Closed Fr3DBr closed 7 years ago
@Fr3DBr In your case, the upstream request won't be sent until 5 sec is elapsed. Your web browser's "file being downloaded" is just its best guess and it's definitely untrue for your case here.
@Fr3DBr BTW, a much more efficient way of delaying your upstream request is using ngx_lua's access_by_lua_block
directive:
location / {
access_by_lua_block { ngx.sleep(5) }
proxy_pass http://svr_backend;
include proxy.inc;
}
It's much much more efficient than your current echo_sleep
+ echo_location
combination, especially for large upstream responses.
BTW, sorry for the delay on my side.
Hey @agentzh but, will this stop/pause any other requests while sleeping (parallelism) ?
@Fr3DBr No, it's nonblocking. Read the documentation.
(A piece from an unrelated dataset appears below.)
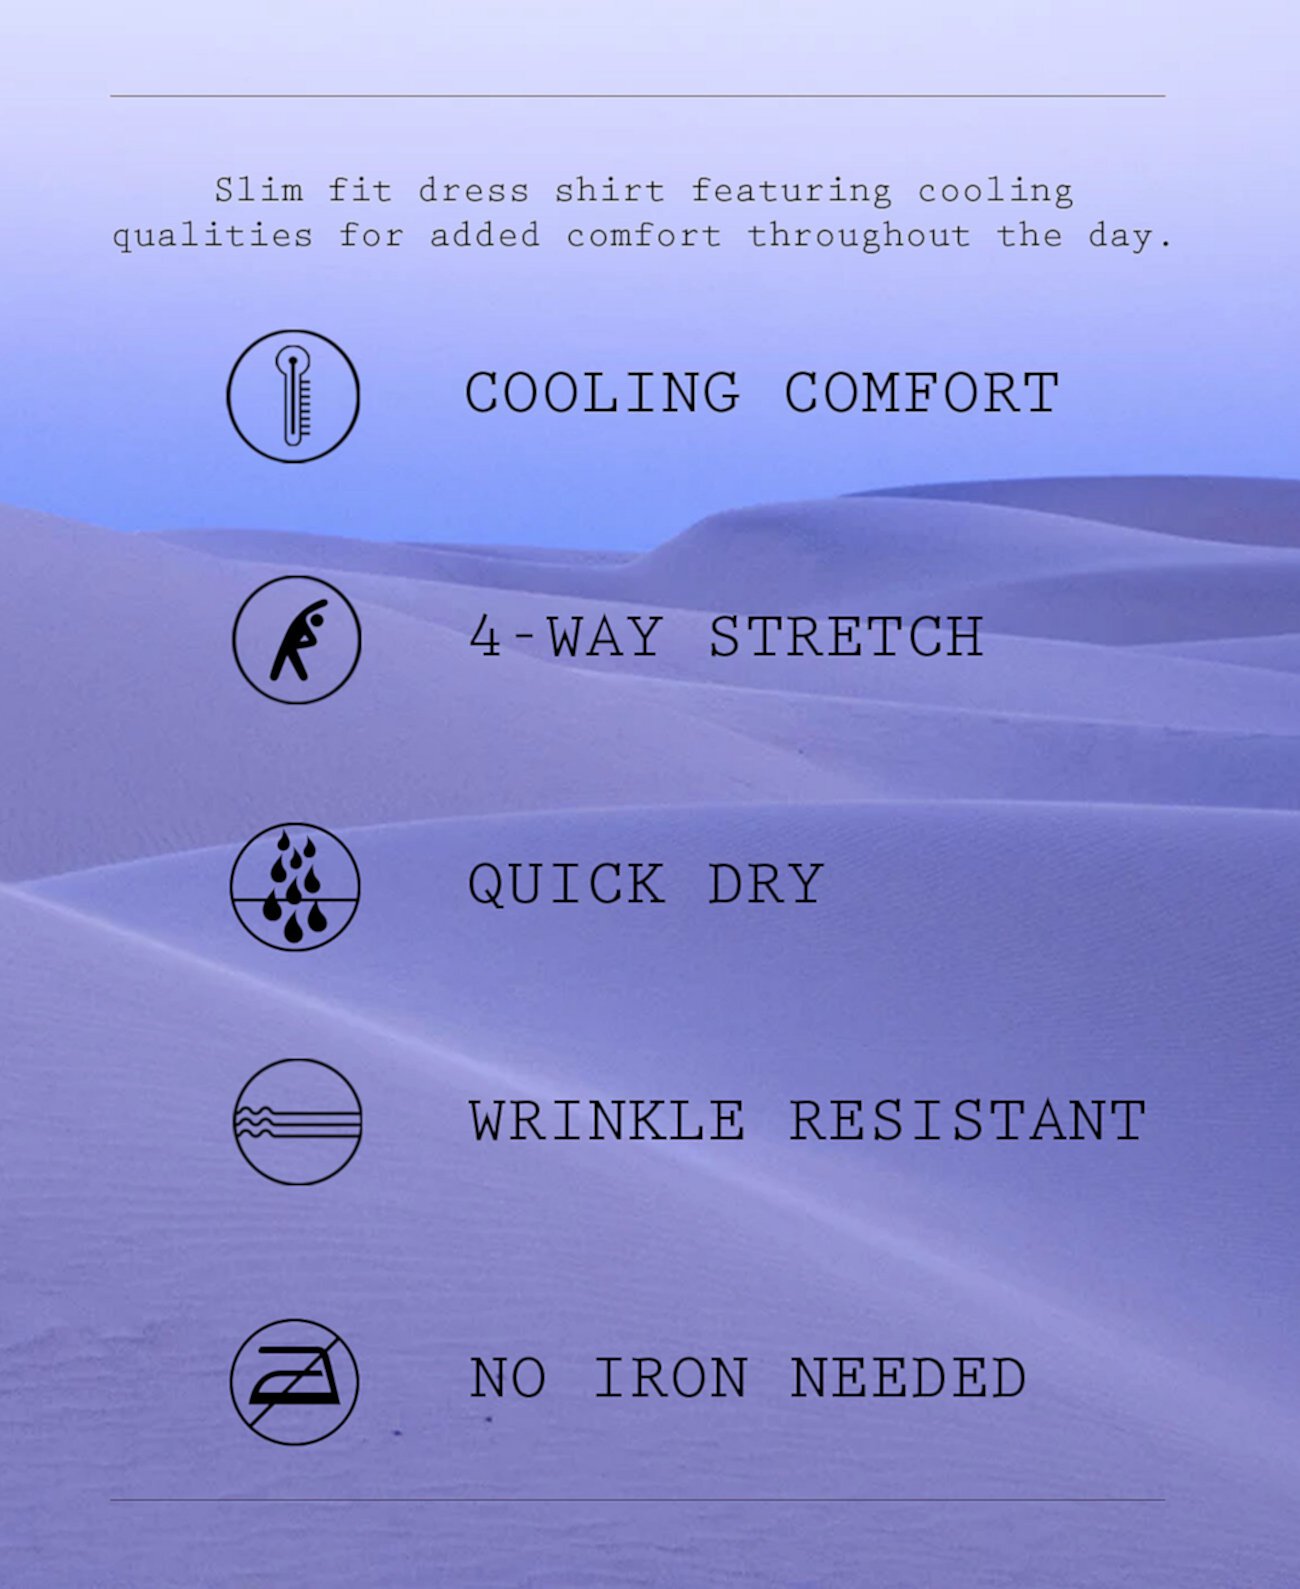 Мужская приталенная классическая рубашка Con.Struct Cooling Comfort Performance с эластичным точечным принтом и плиссированной маской для лица, созданная для Macy's CONSTRUCT

@agentzh Ah, then this is fine, also do you have a way to detect in lua, if a connection was closed or not ? Or in case this is closed by the client, will it abort the current code execution just fine ?
@Fr3DBr See
https://github.com/openresty/lua-nginx-module/#lua_check_client_abort
Read the document.
@agentzh Thank you very much. 👍
@Fr3DBr BTW, you may find the lua-resty-limit-traffic library useful:
https://github.com/openresty/lua-resty-limit-traffic
It's shipped with OpenResty by default.
I've tried this:
The problem is that I always get a "file being downloaded" when any request is performed, instead of the website being show in the browser when echo module is not used... ?
What I want to achieve, is unless the client wait 5 seconds, the request won't be processed by the upstream server.